Japanese American internment notice, April 1, 1942, from the United States Department of the Interior, part of an exhibit scheduled for the Kinetic Gallery Nov. 4 - Dec. 9 in the MacVittie College Union.
Two months after Japan attacked Pearl Harbor in 1941, 120,000 Americans of Japanese ancestry living on the West Coast were forcibly removed from their homes and imprisoned in ten concentration camps located in remote and desolate parts of the country.
Seventy years after the last camp closed, Rochesterians Notch and Margaret Miyake traveled to all ten of them to honor the sacrifices of the internees and to learn from their experience. They have produced an exhibit documenting their journey and raising issues that are increasingly relevant as the nation struggles to respond to terrorism and illegal immigration.
At 4:00 p.m. on November 4, Notch Miyake will give a talk in the SUNY Geneseo College Union Hunt Room, which will be followed with an opening reception in the College Union Kinetic Gallery. All members of the SUNY Geneseo, Geneseo, and Rochester communities are welcome.

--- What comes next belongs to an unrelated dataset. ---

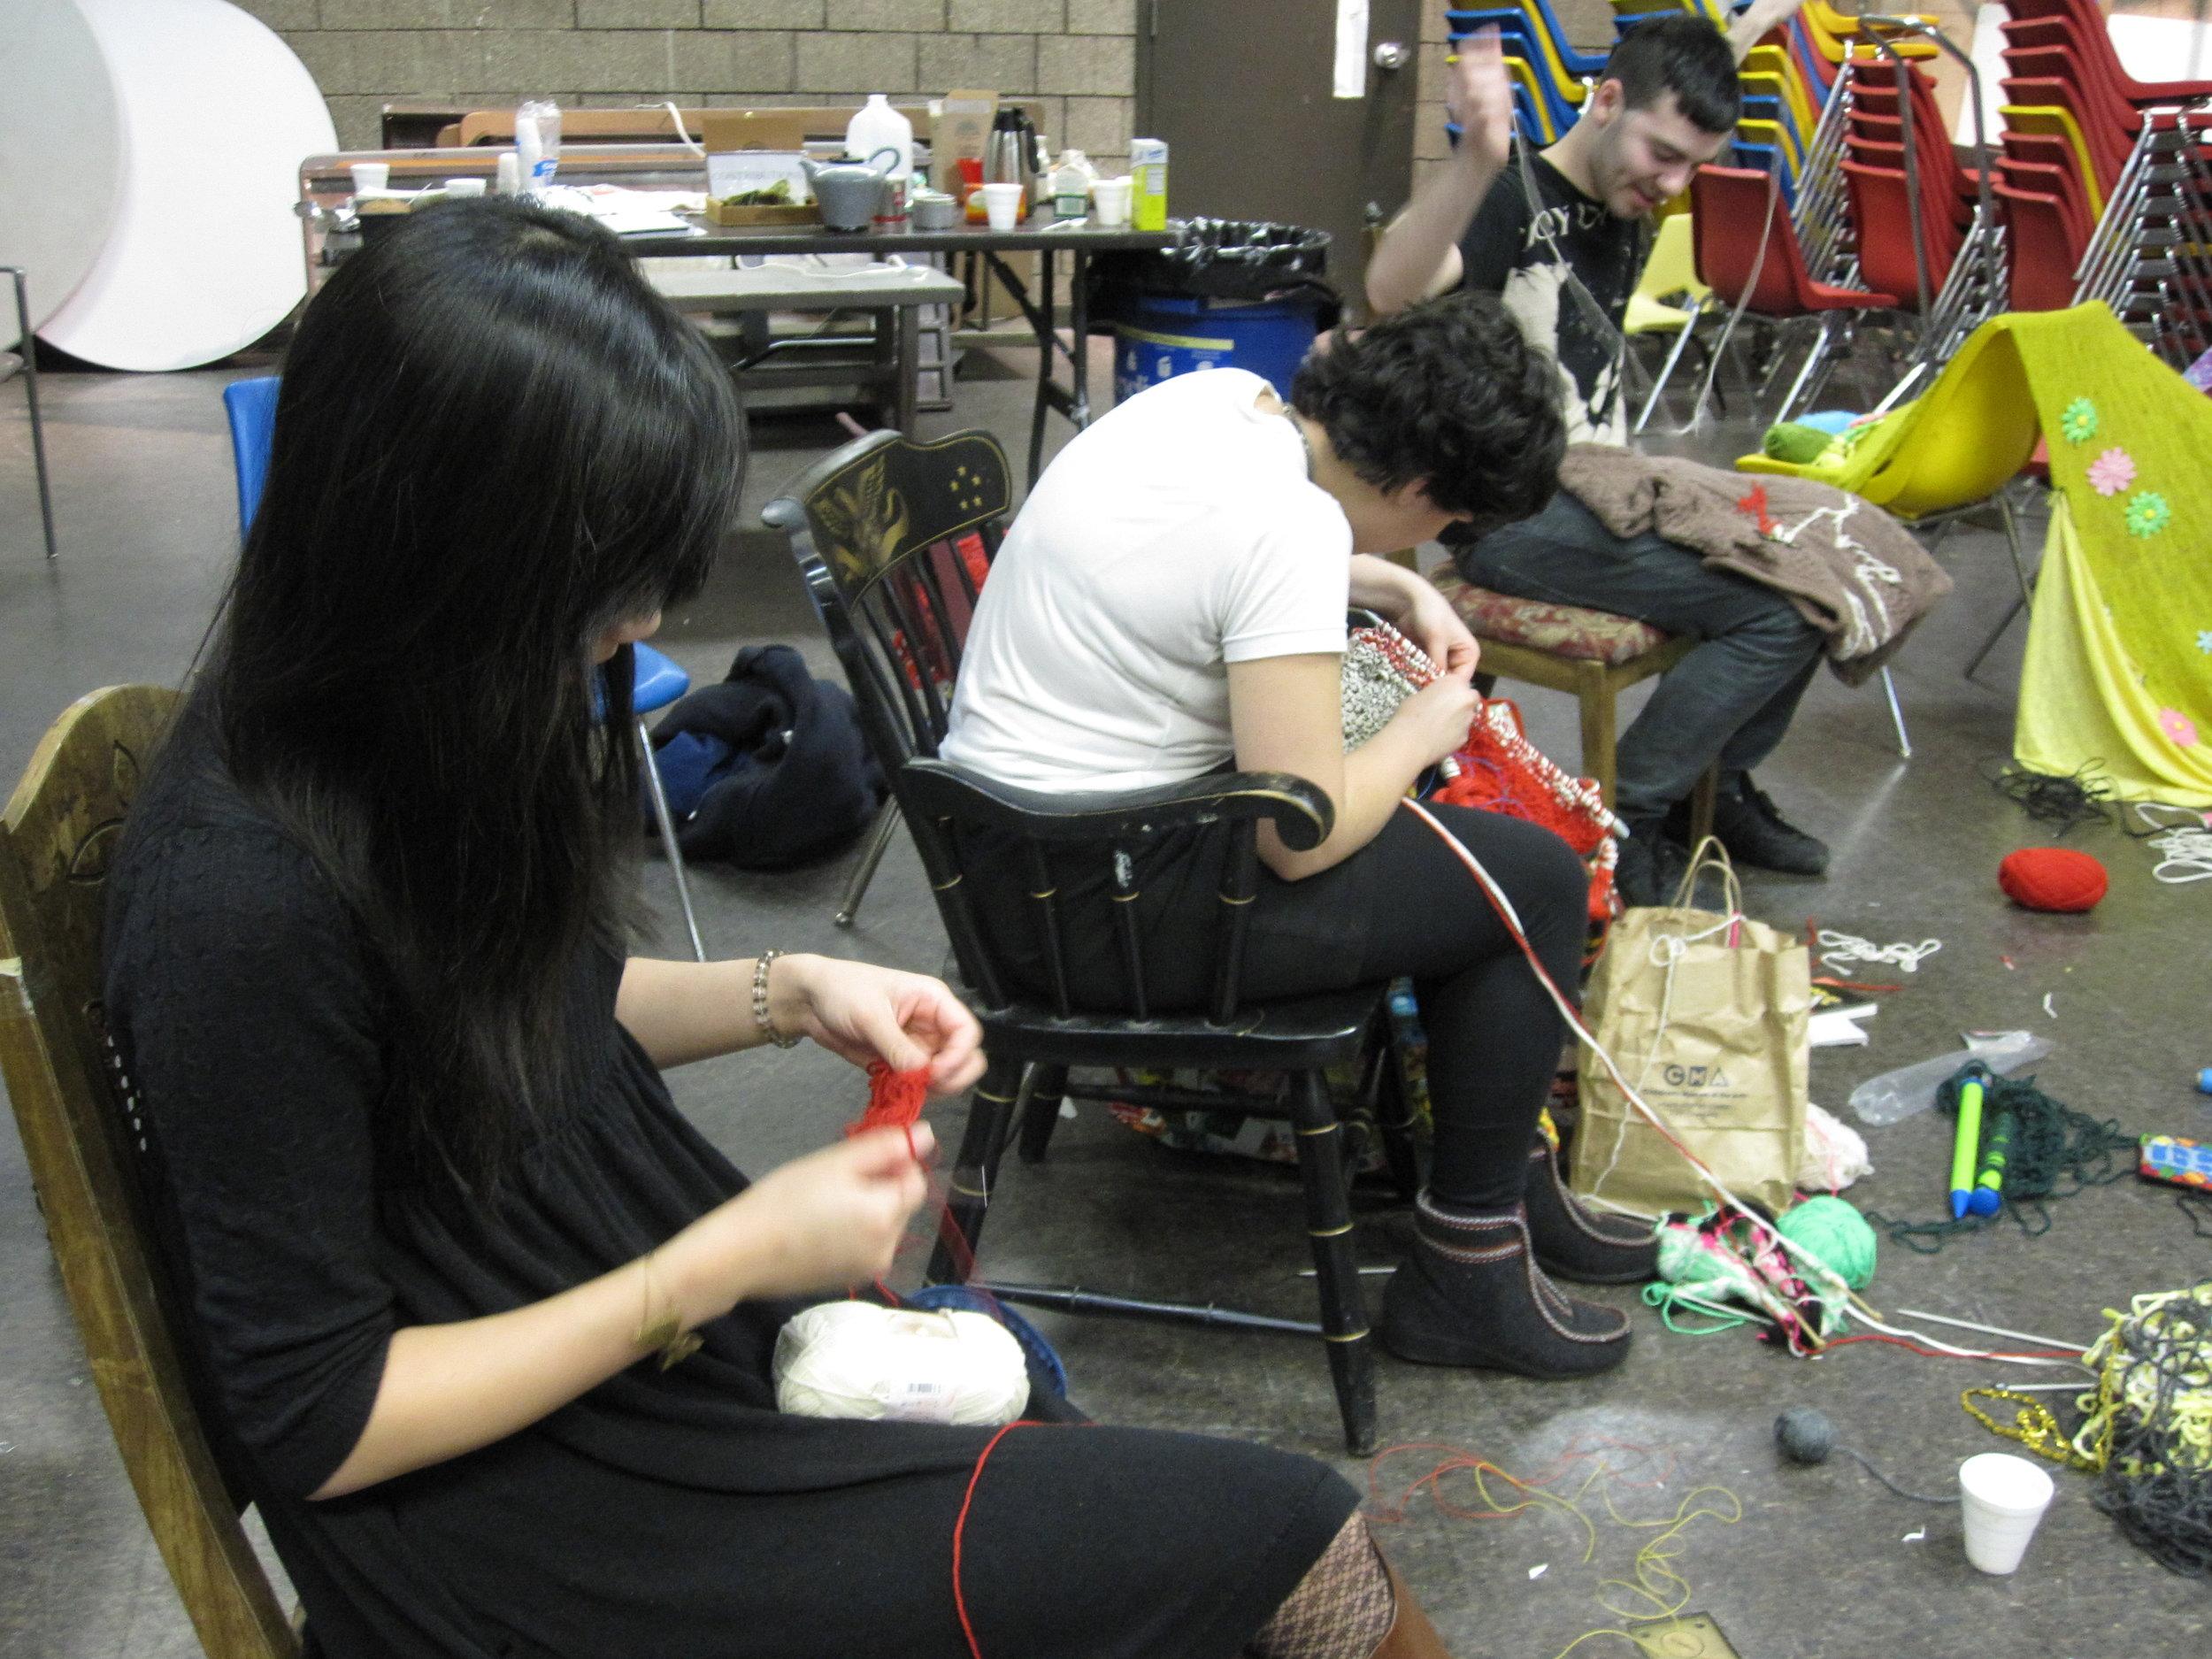 knittingmarathon10_4315217838_o.jpg

Margaret Miyake’s photographs document the story of the Miyakes' trip and the silent witnesses - the camps and the detention centers.
"A Pilgrimage to the Japanese American Internment Camps of World War II" is presented by the SUNY Geneseo Asian / Asian American Studies and Programming, with the generous support of GCAB’s Kinetic Gallery and the SUNY Geneseo Office of Multicultural Events and Programming.
The exhibit will be open to visitors from Nov. 4 - Dec. 9.